HOW TO COMPLETE THIS TASK: Would you repeat exactly the part of the listing below that runs from the line containing "Table lamp designed" down to the line containing "The round base", inclusive, and nothing else?

RECORDS FOR PROCESSING:
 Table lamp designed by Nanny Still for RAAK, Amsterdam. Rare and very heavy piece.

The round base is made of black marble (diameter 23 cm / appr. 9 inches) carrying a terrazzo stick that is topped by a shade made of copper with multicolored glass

---

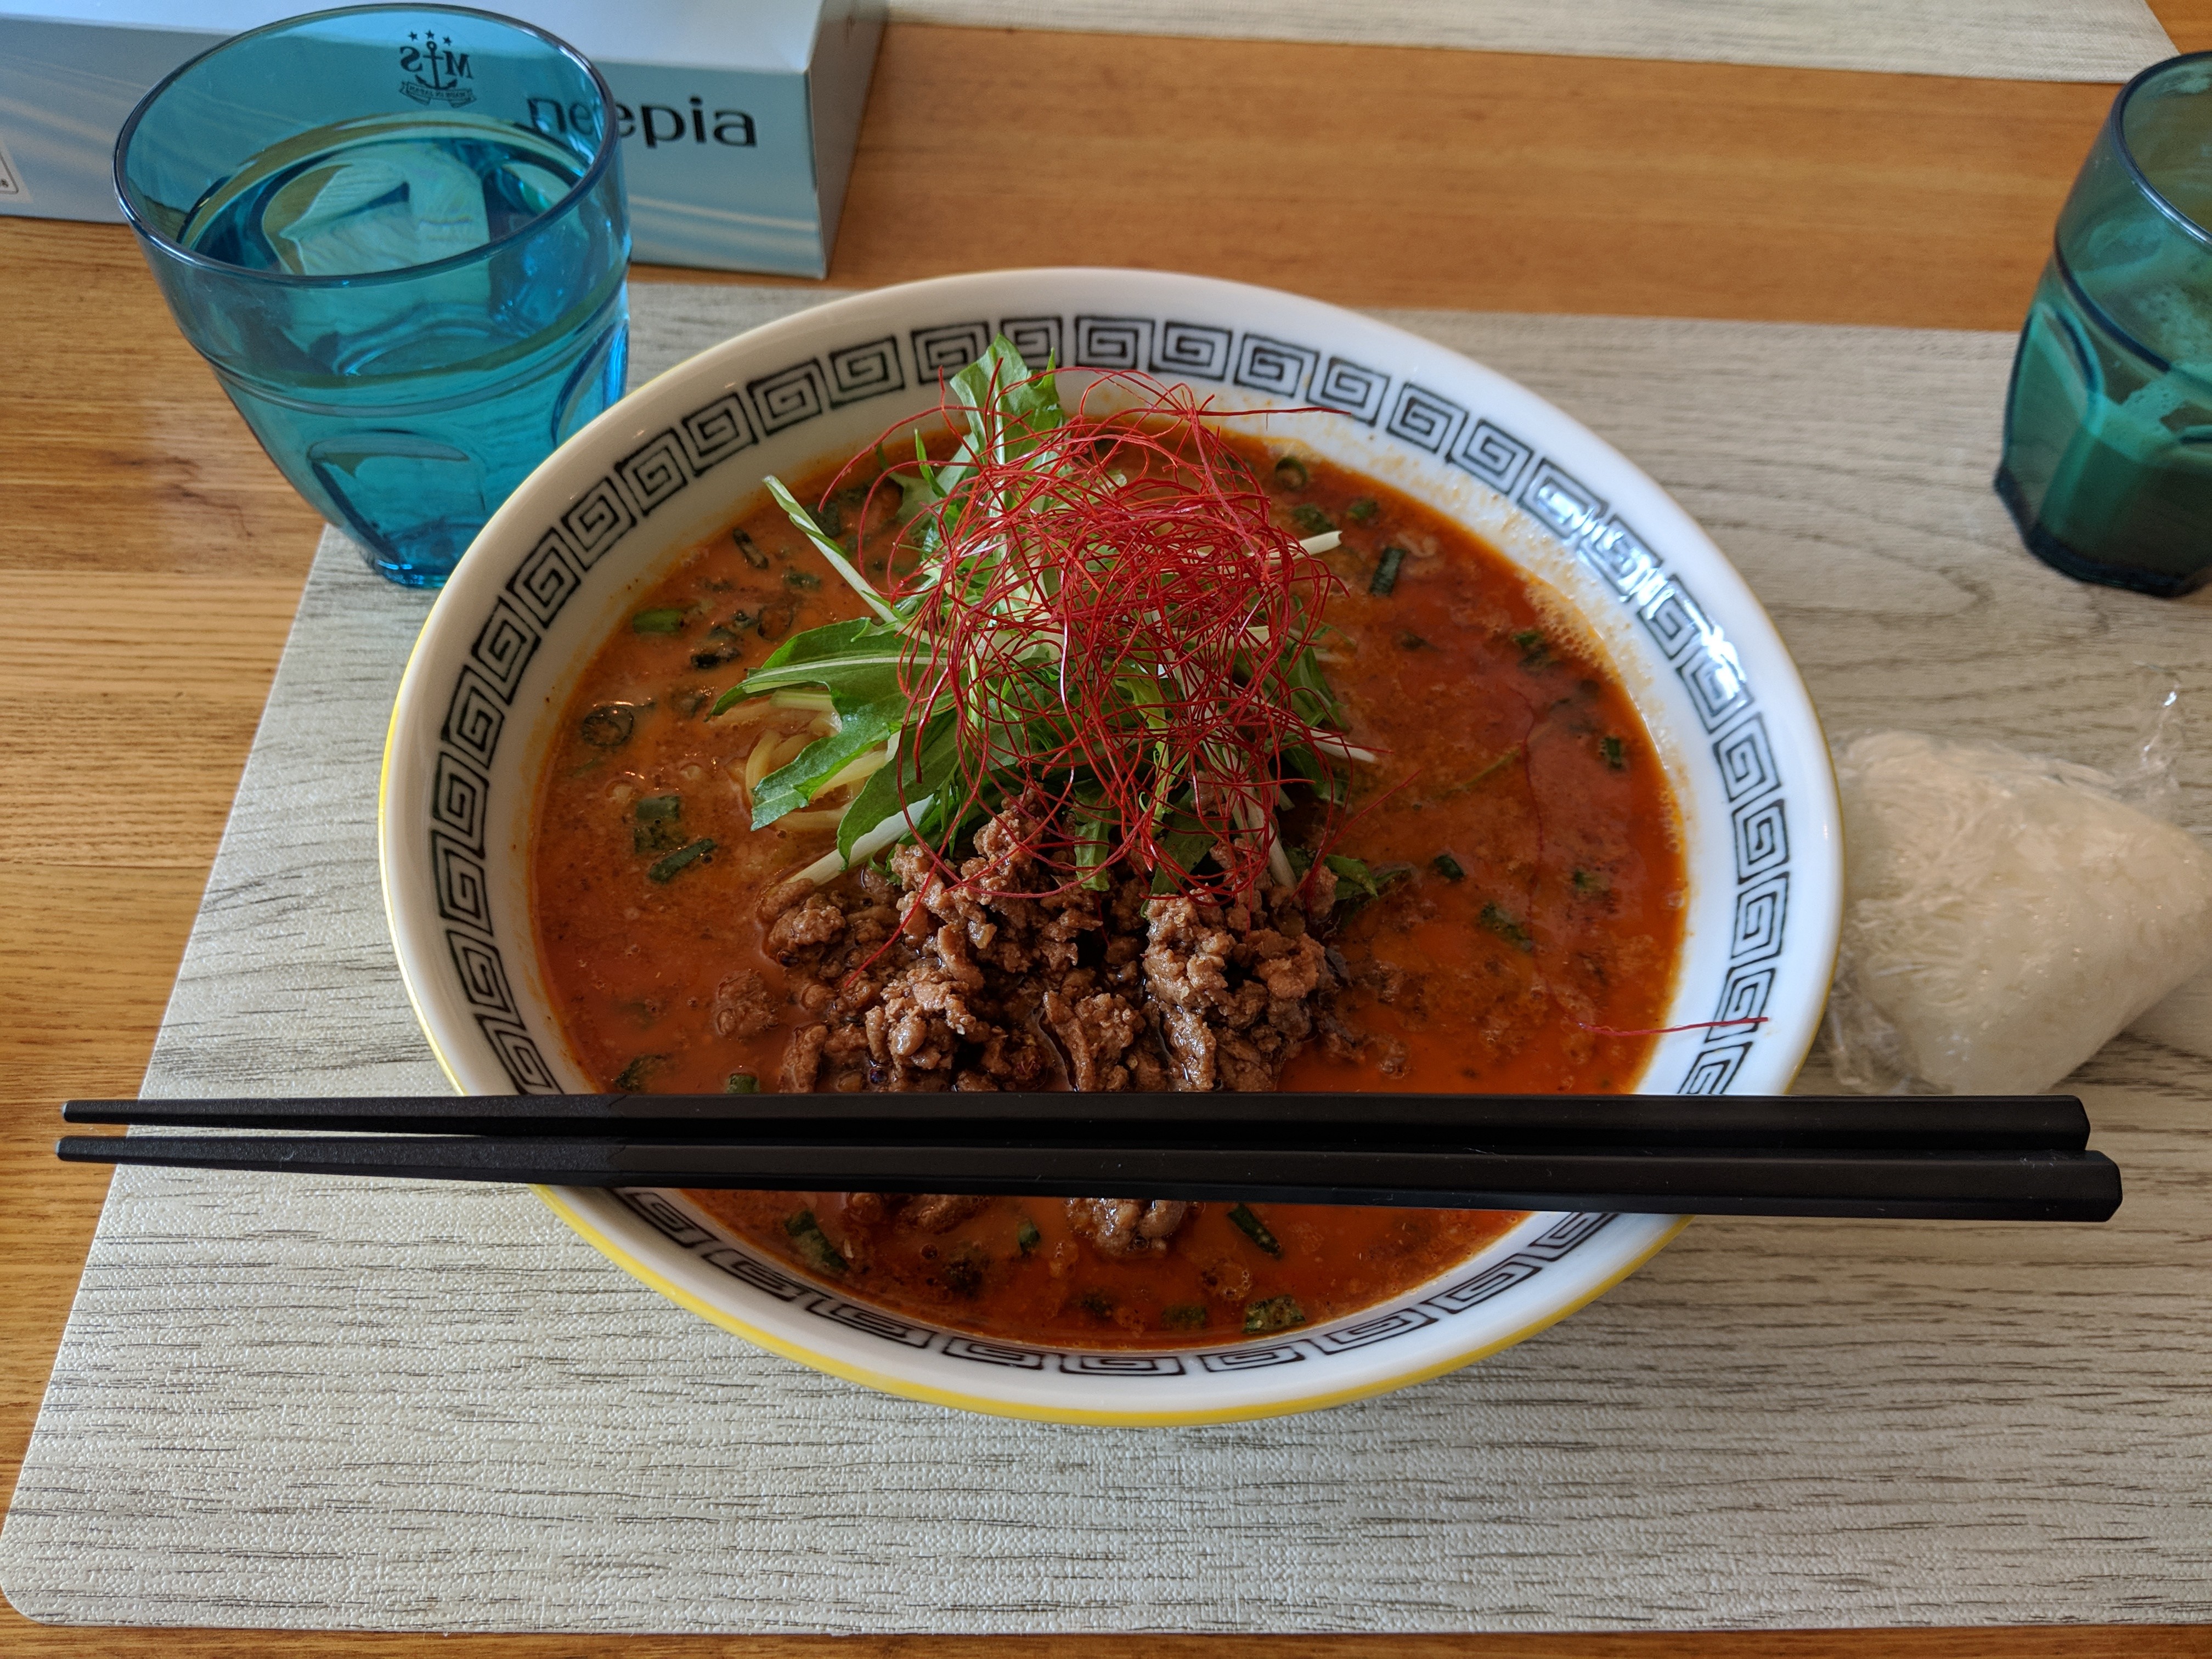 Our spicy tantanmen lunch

WORKED SOLUTION:
 Table lamp designed by Nanny Still for RAAK, Amsterdam. Rare and very heavy piece.

The round base is made of black marble (diameter 23 cm / appr. 9 inches) carrying a terrazzo stick that is topped by a shade made of copper with multicolored glass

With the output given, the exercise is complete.